Specimen of the Week: Week Twenty-Two
By Emma-Louise Nicholls, on 12 March 2012
I want you to guess a location. If I say ‘marsupial’, you say…
Modern marsupials are in fact also found in both North and South America. North America has only acquired one modern species but South America has plenty. To celebrate this exciting fact of the day, the specimen of the week this week is…
**!!!The opossum pouch young!!!**
1) Opossums are marsupials, which means that females have a pouch in which they nourish their underdeveloped young (see image, right). The pouch opening resembles more of a belly button than that of the iconic kangaroo which, quite frankly, has just gone to extremes.
2) Opossums are bad at maths. A single litter will contain up to 18 joeys, however the pouch only has 13 teats. In an epic battle, worthy of daytime reality tv, only the strong survive. The winners attach themselves to the teats, where they stay for 50 days. They begin to leave the pouch after a further 20 days.
3) Opossums are omnivores and not afraid to show it. They will eat almost anything they find and subsequently flourish around human settlements due to our filthy habits and inadequate methods of waste disposal. In a natural setting, the opossum would eat eggs, grubs, flowers, fruits and carrion.

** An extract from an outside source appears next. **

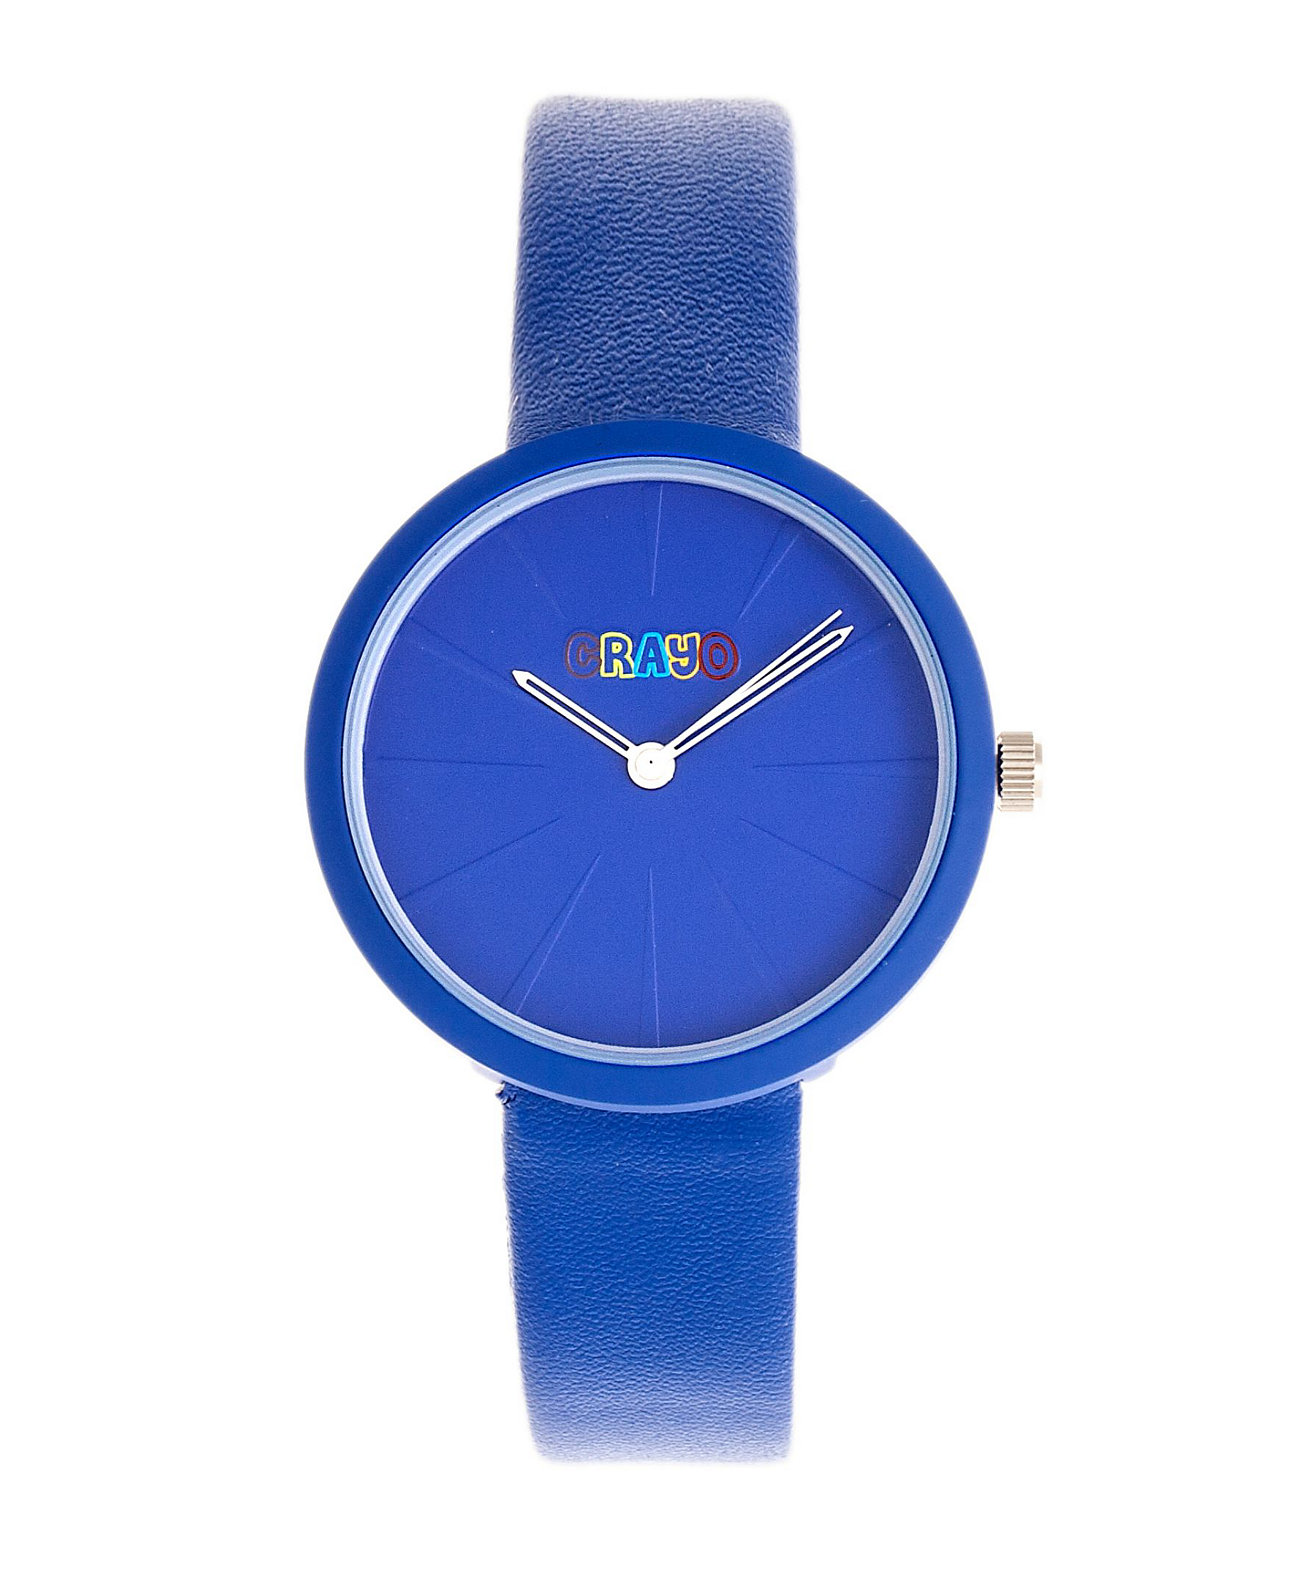 Мужские часы с ремешком из синей кожи с клинком Crayo

4) Opossums are probably most famous for the way they deal with a threat. Instead of running, or standing their ground, in a quite cartoon-like fashion an opossum will fall on the ground with its eyes and mouth open, and ‘play dead’. Like me on a Monday morning, you can poke and prod it, and it just won’t respond. It can stay like that for up to six hours at a time.
5) Opossums have one of the shortest life spans of any mammal of their size. They only live for between two and four years in the wild. Awwww, sad face.
This opossum, which appears to be wearing fingerless gloves, is the Virginia opossum, and the only marsupial native to North America.